WASHINGTON (AFP) – The US Treasury Department on Monday said it would start selling-off mortgage-backed securities worth an estimated $142 billion, in an effort to close another chapter of the financial crisis.
… secured by state-backed mortgage giants Fannie Mae and Freddie Mac, were bought as part of the 2008-2009 financial sector bailout.
http://news.yahoo.com/s/afp/20…
The Treasury is predicting $15-20 billion of profit, though private analysts are predicting $10B is more realistic.
It’s all in the timing.
If the Treasury goes slowly and avoids flooding the market, then $20B is realistic. If they rush, as some lawmakers are urging the net will be smaller.
The argument for rushing is being made along party lines. Though the TARP was largely an R creation, it is the R’s who are now urging speed in selling off assets.
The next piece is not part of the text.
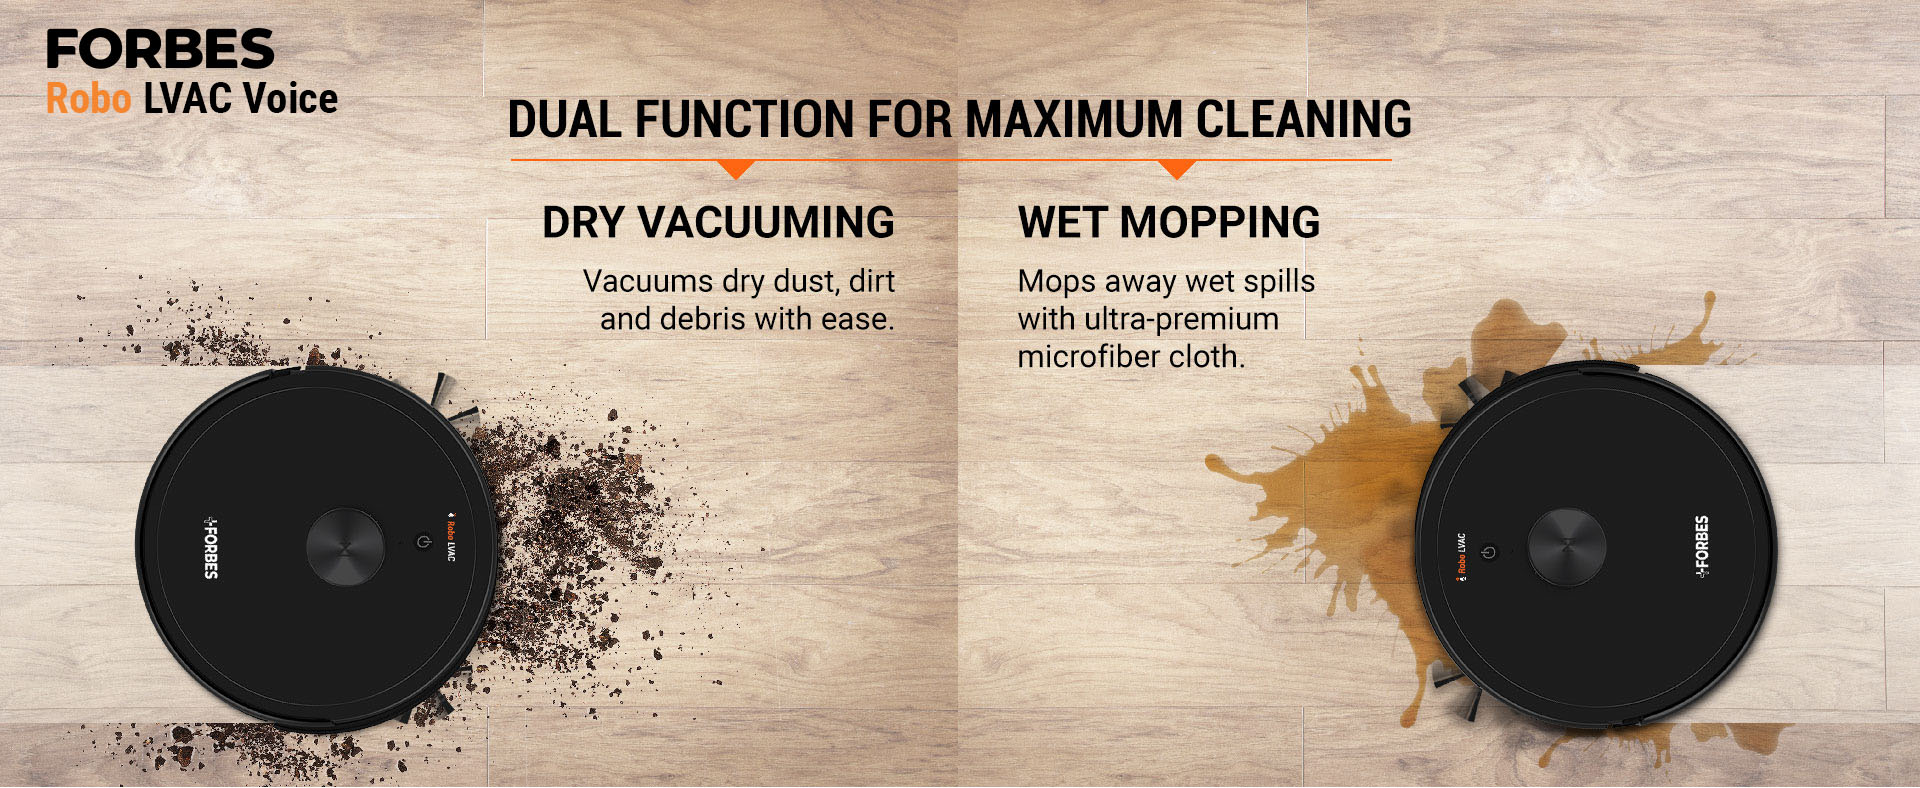 DRY VACUUMING Vacuums dry dust, dirt and debris with ease. WET MOPPING Mops away wet spills with ultra-premium microfiber cloth.

It’s math, but simple math.
Meanwhile, back in 08 and again in 09-10 I argued more than once here on CoPols that the bank failure was neither an underwriting crisis nor a result of subprime default rates. And it wasn’t just hte banks being mean. It was liquidity crisis, which the banks brought on themselves.
This is more evidence that it was the leveraging strategy of the banks and other investors and speculators in the secondary mortgage market.
A market that some observers, those lacking data, want to claim failed because of FNMA and FHLMC. Fannie and Freddie had a role, though it was minor, and now that the secondary market is back on it’s feet, eliminating FNMA and FHLM will have little impact on the primary (retail) mortgage market for the typical consumer.
But the banking reform of last year did not go far enough to reign in the leveraging ability of the secondary market players. Hundreds of years of data is clear – a market based system works great for goods and services and works horribly for financial assets.
If we didn’t have fractional reserve banking, nor a liquid global capital market, nor a leveraged economy, nor private property rights I wouldn’t care if the banking industry blew itself up once in awhile. (30’s, 80’s, 00’s). But because we do have all those things, and a banking led recession is painful for everyone, I do care.
We need to amend the financial regulation to limit the leveraging ability of banks and speculators, to limit the investment banking activity of depository institutions (FDIC insured, aka reimposition of Glass Steagall) and we need to give Elizabeth Warren whatever she wants for the CFPA.
And we need to keep those without data out of the discussion.